Ülser rahatsızlığı ile sık sık karıştırılan reflü hastalığı basit olarak mide asidinin yemek borusuna geri gelmesi olarak tanımlanabilir. Ne sıklıkta yaşandığı tespit edilemeyen bu rahatsız edici hastalığın belirtileri nelerdir, reflü nedir, reflü ağrısı ve tedavisi hakkında akıllara takılan tüm sorulara detaylı cevaplar bulabileceğiniz yazımızı incelebilirsiniz.

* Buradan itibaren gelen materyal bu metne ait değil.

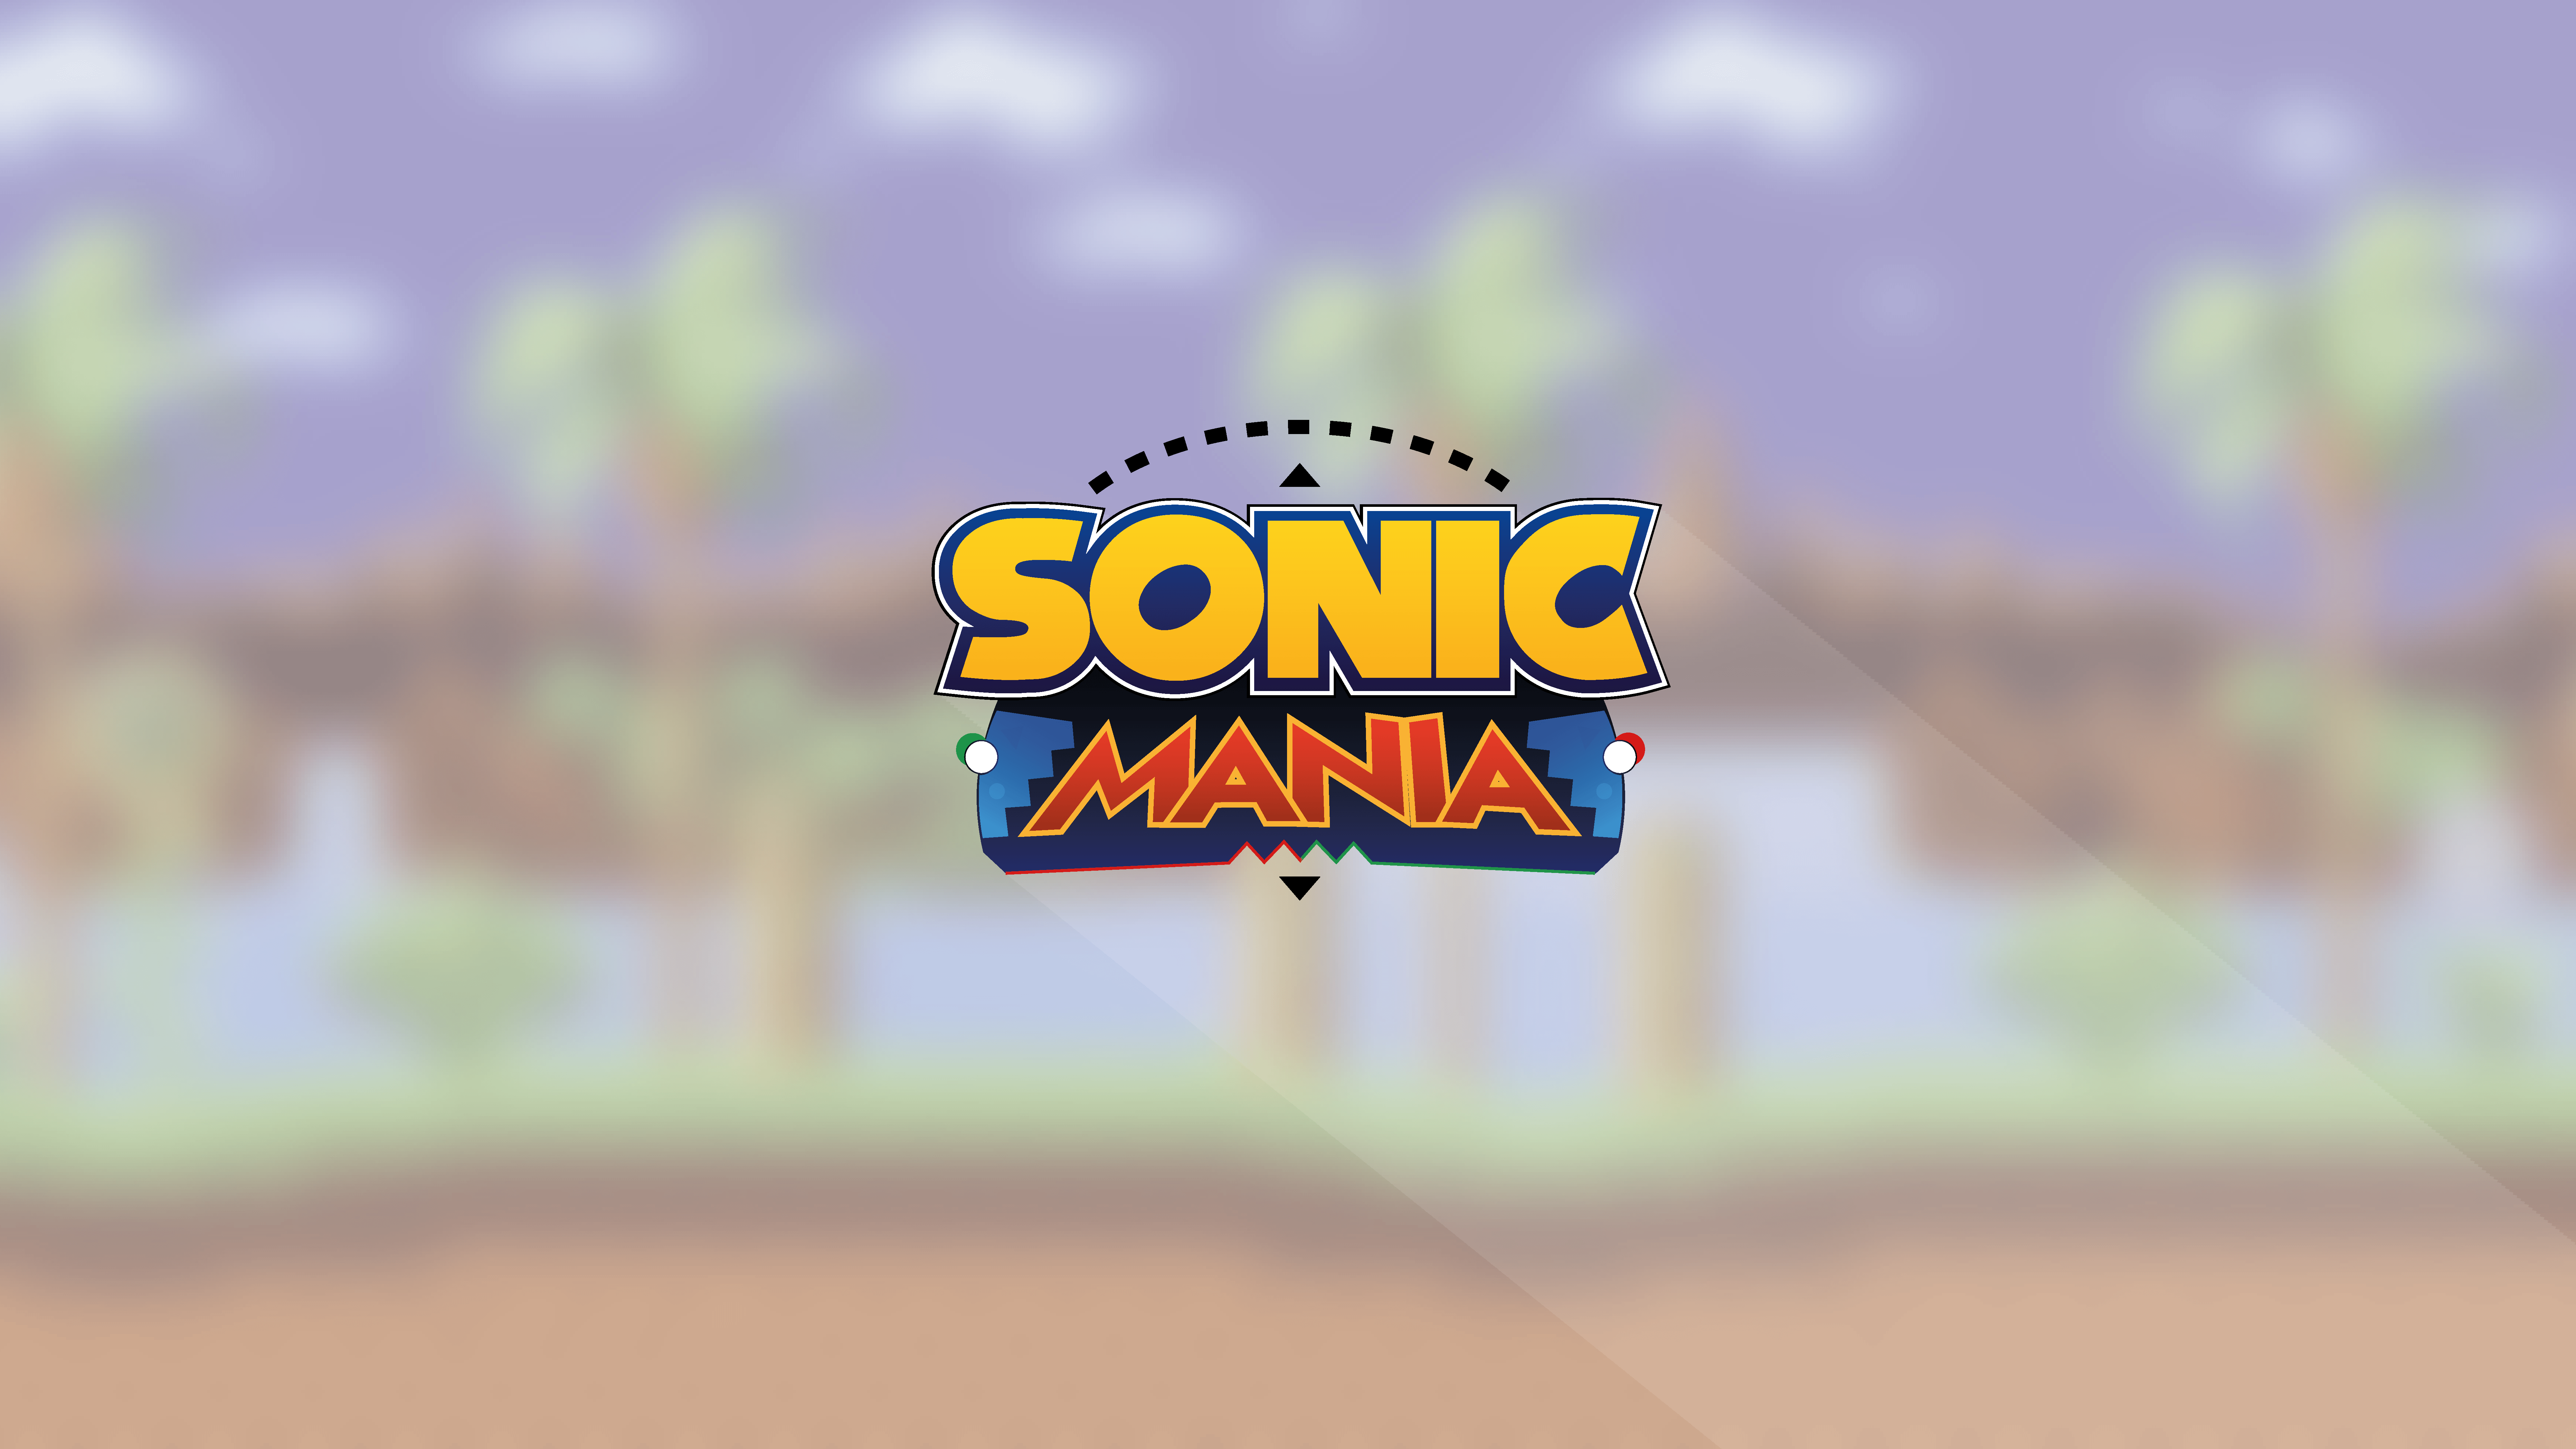 Sonic Mania Wallpaper 1920 x 1080

Reflü nedir hangi belirtileri taşır?
Genellikle yemeklerden sonra ortaya çıkan reflü hastalığı mide içerisinde bulunan asitlerin bir anda yemek borusuna doğru hücum etmesiyle ortaya çıkar. Ağızda acı bir tat olarak beliren bu durumun ardından gıdalar veya acı bir su ağzınıza toplanabilir. Reflü belirtileri arasında ilk sırada yer alan boğazda yanma hissi ve ardından yaşanan reflü ağrısı oluyor. Midede yer alan gıdalar bu yanma hissinden sonra ağza doğru hücum edebilir. Bu aşamadan sonra sırasıyla görülen diğer reflü belirtileri yutkunmada zorluk ve kısmen kusmalar yaşanması olarak görülebilir. Fakat kusma eylemi her hastada görülebilir bir durum değildir.
Reflü neden oluşur?
Reflü nedir ve neden oluşur sorularına verilebilecek ilk yanıttan bir tanesi baharatlı, aşırı yağlı, taze sıkılmış meyve suları, alkol veya çikolata gibi yiyecek ve içeceklerin tüketilmesinden sonra daha sık görülmesi söylenebilir. Aslında bu durumda ortaya çıkan rahatsızlık asidik yapısı nedeniyle yemek borusunda fazla aşınmaya sebep olan tüketimler gösterilebilir. Boğazda yanma, acı hissi gibi olumsuzluklar yaşandığında nedense ilk akıllara gelen ülser olsa da reflü nedir diyerek odaklanmak daha doğru olur çünkü ülser midede oluşan yaralar olarak ortaya çıkar. Fakat reflü öksürüğü, boğaz acısını ve ağızda acımsı bir tat oluşumuna neden olur. Peki, reflüye ne iyi gelir veya reflüde beslenme ilk tetik midir diye bakacak olursak; ilk olarak nasıl meydana geldiğini açıklamak gerekir. Normal şartlar altında her insanın yemek borusunun altında kapakçık benzeri bir yapı bulunur ve bu kapak sayesinde asitler yemek borusuna kaçmaz. İşte bu kapakçık benzeri yapının bozulmasıyla beraber arada gevşemelerin oluşması, gıdaların nefes borusuna kaçmasıyla reflü meydana gelir. Ağza kadar gelebilen bu gıdalar reflü öksürüğü, ağrısı, acısı hatta ve hatta kusmaların yaşanmasına neden olur.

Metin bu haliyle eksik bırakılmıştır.